Поляков он не любил. Давно, может, с войны 20-го года. Горечь поражения продолжала грызть его, хотя вину за него он возложил на политических противников. В 39-м он поквитался с Польшей, разделив ее с психованным Гитлером, но осознание унижения не стало менее едким. Унижение вообще было самым страшным из того, что могло с ним случиться. По крайней мере, он сам так думал.

Впрочем, хозяину нравилось полагать, что личные эмоции почти не влияли на его политические решения. Он пытался культивировать в себе прагматизм и объективный взгляд на ситуацию, и искренне считал, что преуспел в этом. И сейчас, когда Польша лежала у его ног, а в Москву приезжали делегации нового польского правительства, выпрашивая милостей, хозяин поступал с ними, следуя обычной своей объективной жестокости и имея ввиду прежде всего выгоды для своего государства. Которым был он сам, что подразумевалось безусловно.

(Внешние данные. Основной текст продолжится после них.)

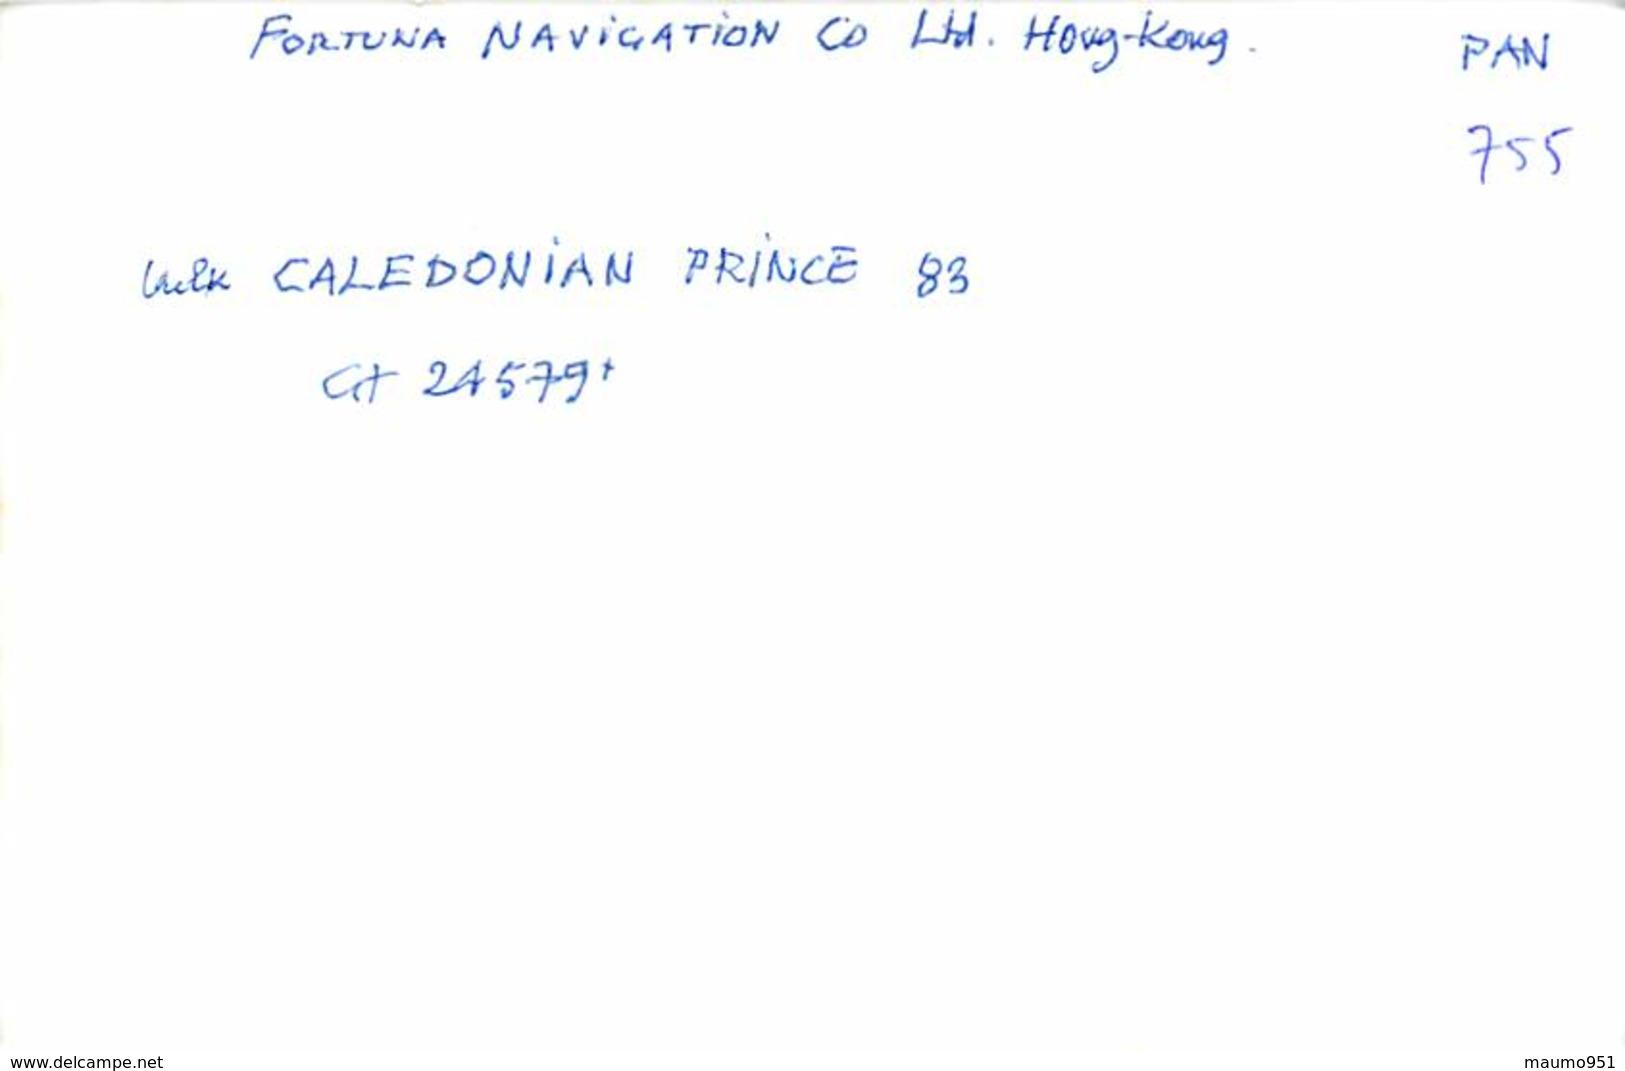 755 PHOTO BATEAU DE COMMERCE  LE CALE DONIAN PRINCE DE 1983 CATEGORIE 24579T PREFIXE  ?- FORMAT C.P.A - Bateaux

Он сделал вид, что смягчается под напором аргументов, и, наконец, дал добро. Поляки ушли в полной уверенности, что сделали великое дело для своей страны. Хотя и вынуждены были отказаться за это в пользу СССР от львиной доли положенных им немецких репараций.

Вспоминая это теперь, вытянувшись на удобном диване, хозяин довольно хмыкнул. Он любил, когда одураченный и униженный им человек бывал осчастливлен этим. От этого его суровый и тусклый взгляд на вещи иной раз даже слегка разнообразился проказливым весельем.

«А этот... тезка... Циранкевич, дельный парень, надо бы его и дальше двигать», — подумал хозяин, потягиваясь за лежащей на ночном столике пачкой папирос и спичками — в последнее время врачи запретили ему курить трубку, хотя иногда он нарушал запрет. Но сейчас набивать и раскуривать самый знаменитый свой атрибут ему было лень — устал.

«Меньше надо бы работать. А то и десяти лет не протяну», — думал он, следя за величественно уплывающими к полутемному потолку клубами дыма.

Смена в Кремле завершилась во втором часу ночи. После поляков на десять минут запустил к себе терпеливо пропревшего весь день в приемной Чарквиани — преемника Лаврентия в грузинской партийной организации. Дело было плевым и решилось сразу. Да и недосуг хозяину сейчас было заниматься Грузией. Там давно надо было навести порядок, но не впопыхах, а с чувством и расстановкой.

На дачу он вернулся около двух и, по обыкновению, еще несколько часов проработал с бумагами, взбадривая себя крепким чаем, который сам заваривал. Потом написал на листке, что хотел бы съесть на завтрак, вызвал кнопкой прислугу и велел постелить в малой столовой.

После папиросы захотелось пить. Он с досадой вспомнил, что опять забыл поставить на ночной столик бутылку боржоми — она осталась на большом столе, до которого было не дотянуться. А вставать так не хотелось...

Смертельная усталость хозяина незаметно перетекала в какое-то дурное беспокойство. В красноватом свете настольной лампы под абажуром обычно уютная столовая стала казаться местом таинственным и недобрым. То, что днем радовало его взгляд — геометрически прямые линии, умиротворяющая монотонность панелей из карельской березы, матовый мрамор камина — в полутьме приобретало потаенную мрачность. Словно бы он лежал в роскошном склепе.